Therefore, the RP model gives a unified solution for three key questions, which have mostly been studied independently of one another: 1) a network architecture that can learn to compute the likelihood of its own inputs; 2) a statistical model that accurately captures the spiking patterns of very large networks of neurons in the cortex, using little training data; and 3) a shallow network design that allows for a biologically plausible learning rule based on noise.

The estimation of surprise that underlies the RP model also suggests an alternative interpretation to common observations of neural function: feature selectivity of cells would correspond to responding strongly to a stimulus that is surprising based on the background stimulus statistics, and neural adaptation would signify a change in surprise based on the recently observed stimuli (56).

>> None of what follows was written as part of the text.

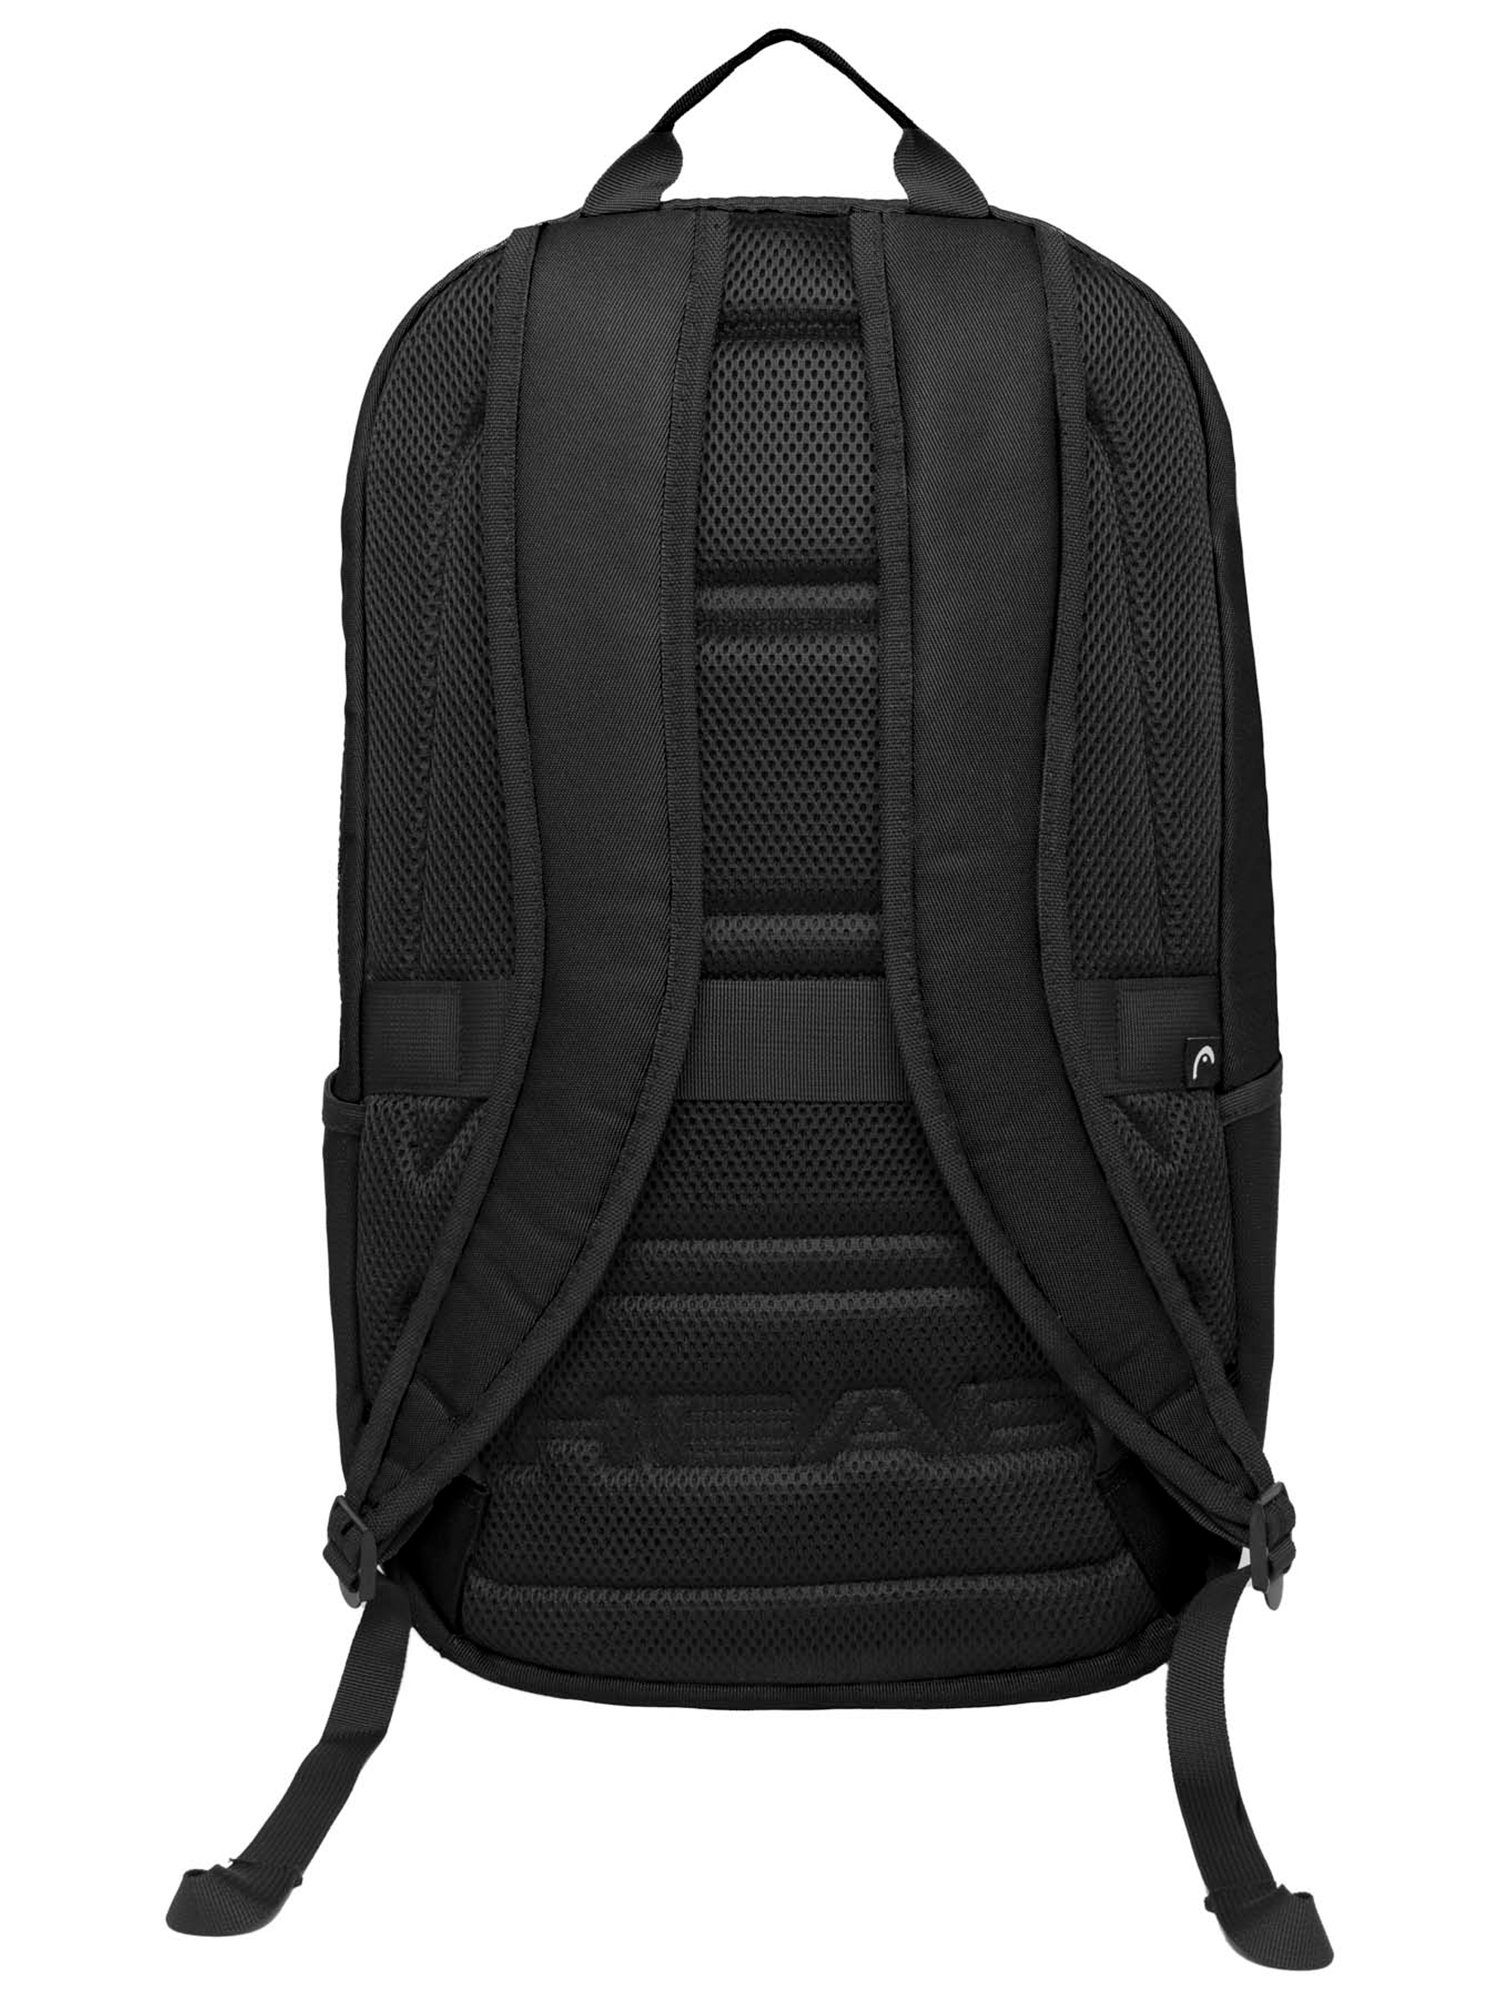 Rucksack Head Point 2 Schwarz Backpack Compartments

While we focused here on shallow and randomly connected circuits, the local scope of learning in these models also implies they would work in other neural architectures, including deeper networks with multiple layers or networks lacking a traditional layered structure. In particular, we speculate that this would be compatible with networks where the intermediate connectivity is adjusted by a separate process such as back propagation in deep neural networks. Importantly, relying on the existing random connectivity as random feature detectors simplifies and accelerates the learning process, and the emerging representations are efficient and sparse (16, 25, 48) without explicitly building this into the model.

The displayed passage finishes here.